Réduire les nuisances en surface

Chaque puits produisant moins de gaz qu'un forage conventionnel, il faut en multiplier le nombre. Pour  limiter et réduire l'impact sur le paysage, les puits sont regroupés en « grappes » de 10 à 15, voire plus, au sein d'une même plateforme de forage, baptisée « cluster ». Cette technique est utilisée pour les plateformes pétrolières en offshore.

 

De plus, une fois la campagne de forage terminée, le derrick, qui mesure 35 mètres de haut, est enlevé. En phase de production, il ne reste donc que les têtes de puits d'une hauteur d'environ 1,80 mètre.

 

Les opérations de forage et de fracturation engendrent également du bruit et des nuisances de chantier. Toutefois, celles-ci ne durent que quelques jours par puits. En zone urbaine, la construction de murs antibruit permet de remédier à ce problème. De nouvelles unités de forage et de fracturation hydraulique sont mises au point assurant des niveaux sonores réduits.

 

Par ailleurs, la logistique associée à la fracturation génère un trafic important de camions, pour amener le matériel de forage et évacuer les eaux de rejet à la fin des opérations Comme le bruit, ce trafic est limité dans le temps à la phase de développement des puits.

 

La fracturation hydraulique et les « événements microsismiques »

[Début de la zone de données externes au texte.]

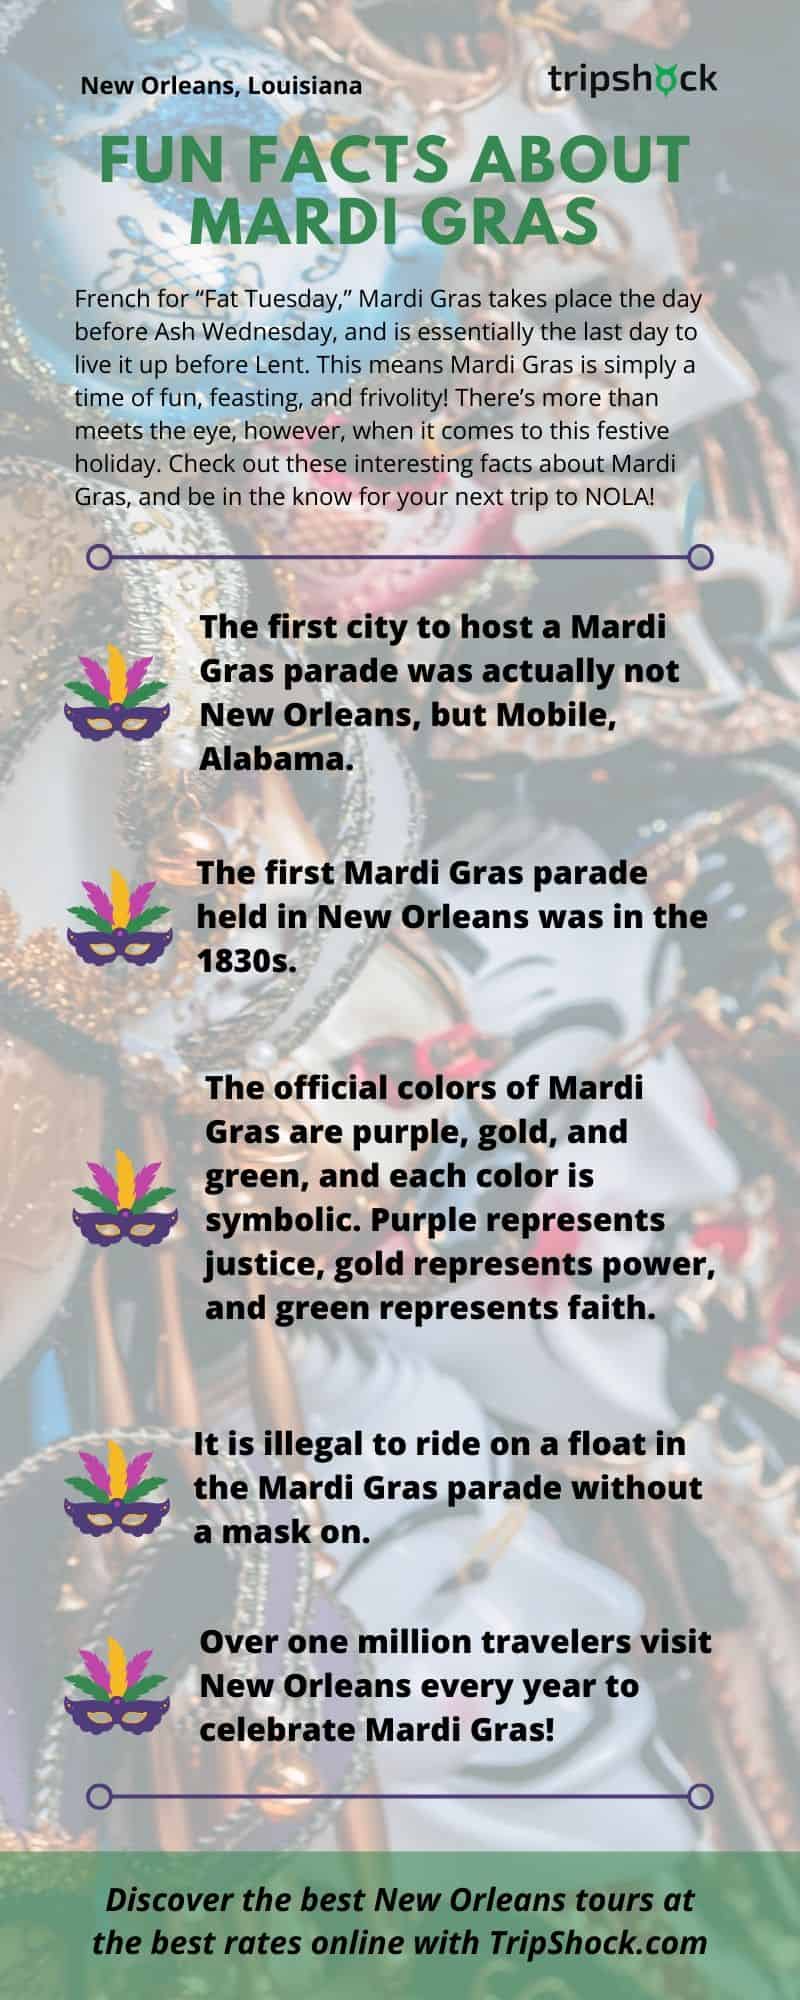 Fun Facts About Mardi Gras

L’ouverture des fractures par fracturation hydraulique provoque, au niveau de la roche-mère, des secousses infimes, qualifiées d’« événements microsismiques ». Elles ne sont détectables que par les instruments de mesure les plus fins. Leur magnitude est en effet extrêmement basse : de l’ordre de -3 à -2, voire au maximum +0.5 en moyenne sur l’échelle de Richter. L’être humain ne peut percevoir une secousse qu’à partir de +3 (ce qui correspond à une magnitude un million de fois plus forte que la valeur -3 !). Les sismographes, quant à eux, enregistrent quotidiennement plusieurs milliers de secousses inférieures à +2.
Il est vrai que des secousses plus fortes, qui peuvent être indirectement liées à la fracturation hydraulique, ont été enregistrées par exemple en Grande-Bretagne. Des études ont démontré que ces phénomènes sont dus à la combinaison inhabituelle des deux facteurs : la pression exercée sur la roche par l’injection d’eau et la présence d’une zone naturellement fracturée et sismiquement instable. Des études géologiques préalables et le suivi continu par monitoring du comportement de la roche lors des opérations de fracturation permet d’éviter ces incidents par arrêt immédiat des opérations.